Stat5 and Grb2 can bind to site pY992 and pY1068, respectively. PLC γ 1 can bind to pY992 or pY1173. Shc can bind to pY1148 or pY1173. These six interaction possibilities were translated into visually encoded reaction rules using the Simmune Modeler. In [23], the authors reported several binding constraints in this system. For example, once an adaptor PLC γ 1 binds to pY992 or pY1173, it prevents another PLC γ 1 from binding to the other, remaining, site. To accommodate these constraints in our model, we assigned two molecule component states “bndPLCg992” and “bndPLCg1173” to the EGFR species indicating whether a PLC γ 1 is bound to either one of the two binding sites pY992 and pY1173, respectively. An additional state “bndSHC1148” is needed for the constraint that the binding of Shc to site pY1148 and the binding of PLC γ 1 to site pY1173 are mutually exclusive. Figure 10 shows the representation of complex species EGFR with the aforementioned binding sites and molecule component statuses.

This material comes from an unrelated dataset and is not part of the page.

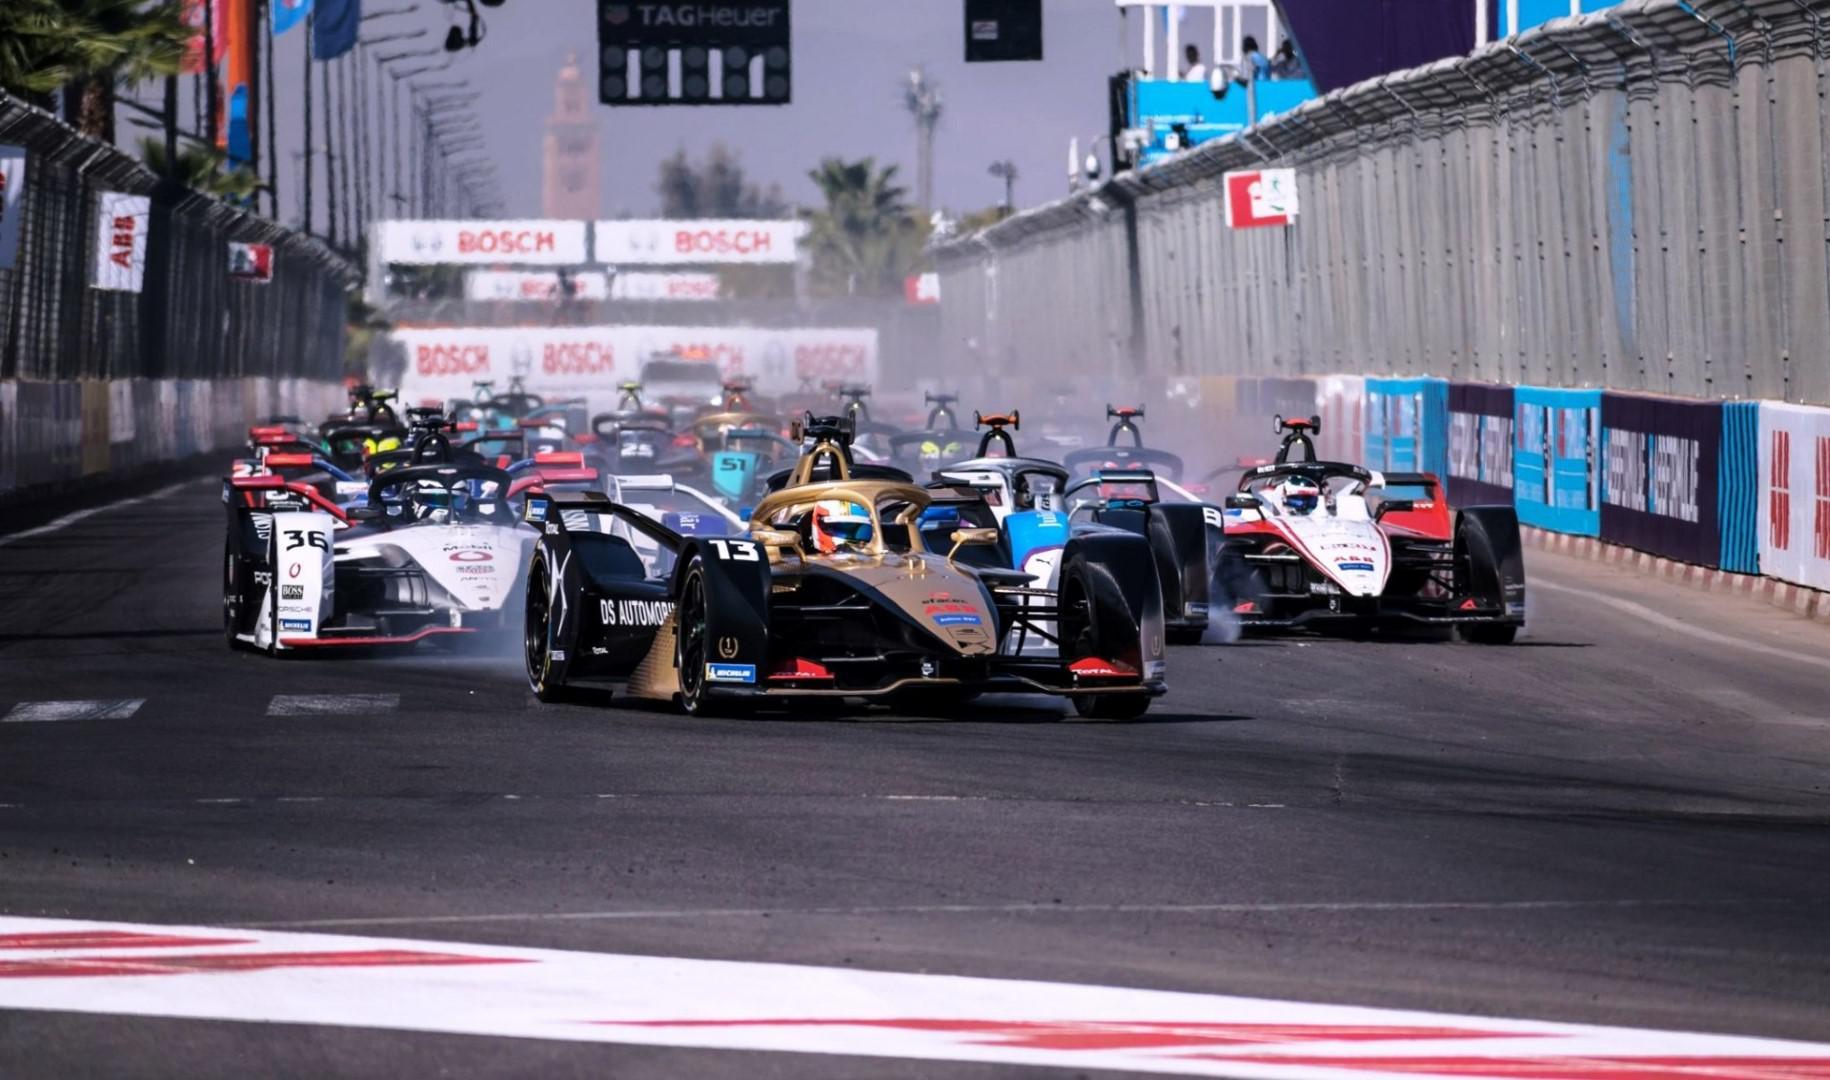 La saison de Formule E reprend avec six courses à Berlin

The conditions for binding of PLC γ 1 to the EGFR using the two possible sites are depicted in Figure 11. PLC γ 1 can only bind to EGFR when both molecule component states “bndPLCg992” and “bndPLCg1173” are “off”. After ligation, the corresponding state – pY992 or pY1173, depending on which site PLC γ 1 has bound to, switches to “on”, thereby blocking the other site for a second PLC γ 1 molecule. As depicted in Figure 11b “bndSHC1148” must be in the “off” state to permit the binding of PLC γ 1 to site pY1173.
After loading the model into the NetworkViewer, the network overview in Figure 12 shows the possible reactions between the adaptors and the EGFR as well as the binding sites these reactions involve. For example, PLC γ 1 can bind in two ways to the EGFR using two different binding sites. After selecting the corresponding intermediate node, the display shows that the binding of PLC γ 1 to site pY992 changes the state “bndPLCg992” from “off” to “on”.
We can now use the search functionality to verify the binding constraints implemented in the EGFR model. For example, in Figure 13a, a search on the states of the EGFR shows that whenever the state “bndPLCg992” is “on”, no second PLC γ 1 can bind to the EGFR. Similarly, in Figure 13b, whenever the state “bndSHC1148” is “on” PLC γ 1 cannot bind to site pY1173. Moreover, Shc cannot bind to site pY1148 either when the state “bndSHC1148” is “on”. Since an “on” state of “bndSHC1148” indicates that Shc is already bound to site pY1148, it is obvious that there cannot be another Shc binding to the same site.